1. Data structure of HashMap
To know what HashMap is, first of all to figure out its data structure, in the Java programming language, the most basic structure is two, one is an array, the other is an analog pointer (reference), all the data structures can be constructed with these two basic structure, HASHMAP is no exception. HashMap is actually a combination of an array and a linked list (in the data structure, commonly referred to as "chain-table hashing"), see (horizontal means array, vertical means array element "is actually a linked list").
We can see that a hashmap is an array structure, and when a new HashMap is created, an array is initialized. Let's look at the Java code:
/** * the table, resized as necessary. Length must always be a power of. * Fixme here to pay attention to this sentence, as for the reason behind will be said */ transien T entry[] table; static class entry<k,v> implements map.entry<k,v> { final K K ey V value; final int hash; Entry <k,v> next; .......... }
The entry on the
is the element in the array, which holds a reference to the next element, which forms the list.
When we put elements into the hashmap, it is worthwhile to place the element in the array (i.e. subscript) according to the hash of the key. Then you can put this element in the corresponding position. If there are other elements in the seat of this element, then the elements in the same seat will be stored in the form of a list, and the newly added ones are placed in the chain head, and the first ones are placed at the end of the chain.
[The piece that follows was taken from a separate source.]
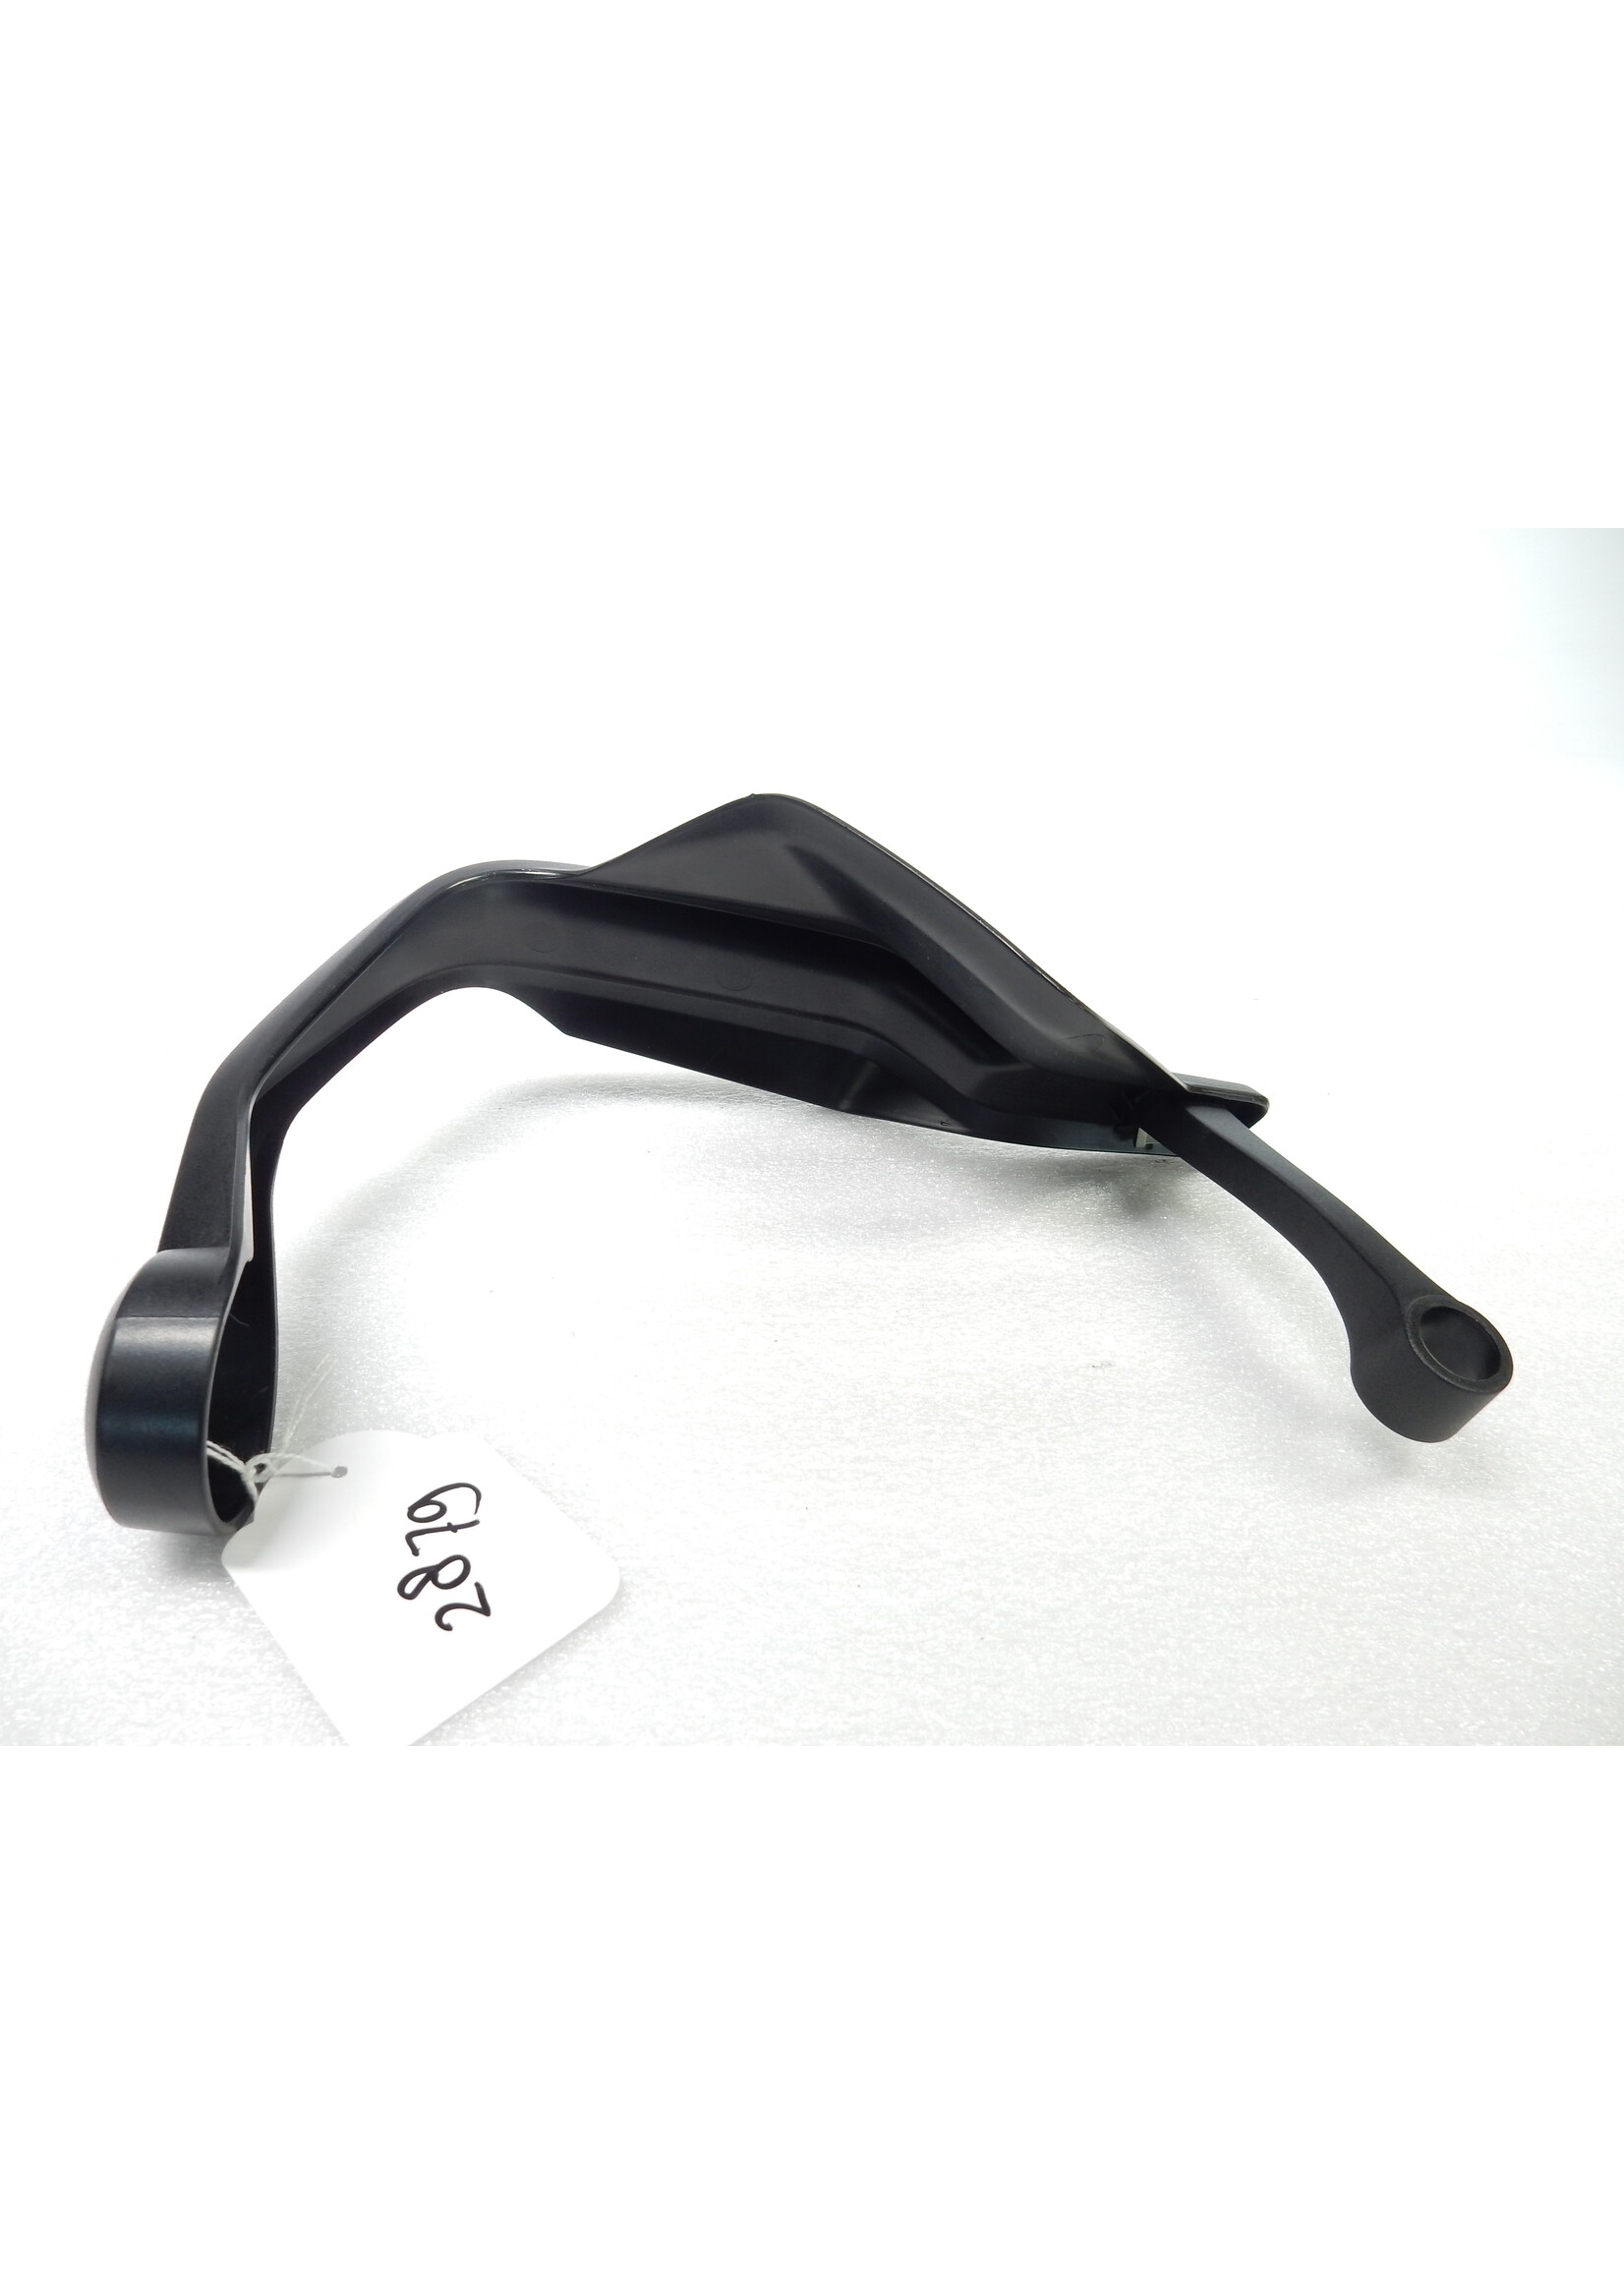 BMW BMW F 750 GS Hand protector left / 32718563803

When a get element is obtained from HashMap, the hashcode of the key is computed first, an element in the corresponding position in the array is found, and the required element is found in the linked list of the corresponding position through the Equals method of key. From here we can imagine, if each location on the list of only one element, then the hashmap get efficiency will be the highest, but the ideal is always good, the reality is always difficult to overcome, haha ~
2, hash algorithm
We can see that in the HashMap to find an element, we need to base the hash value of the key to obtain the position in the corresponding array. How to calculate this position is the hash algorithm. Previously said HASHMAP data structure is the combination of arrays and linked lists, so we certainly hope that the hashmap inside the element location as far as possible, so that the number of elements in each position is only one, then when we use the hash algorithm to obtain this position, It is immediately possible to know that the element of the corresponding position is what we want, without having to traverse the linked list.
So the first thing we think about is to hashcode the logarithm of the length of the array, so that the distribution of the elements is relatively uniform. However, the "modulo" operation of the consumption is relatively large, can you find a faster, less expensive way that? When you do this in Java, the
Static int indexfor (intint length) { return H & (Length-1); }
First the key is Hashcode value, and then the length of the array-1 to do the "and" Operation (&). Looks very simple, actually has the mystery. For example, the length of the array is 2 of 4, then hashcode and 2 of 4 square-1 Do "and" operation. Many people have this question, why HashMap array initialization size is 2 of the size of the sub-square, HashMap is the most efficient, I 2 4 times to explain why the power of the array size of 2 HashMap access to the highest performance.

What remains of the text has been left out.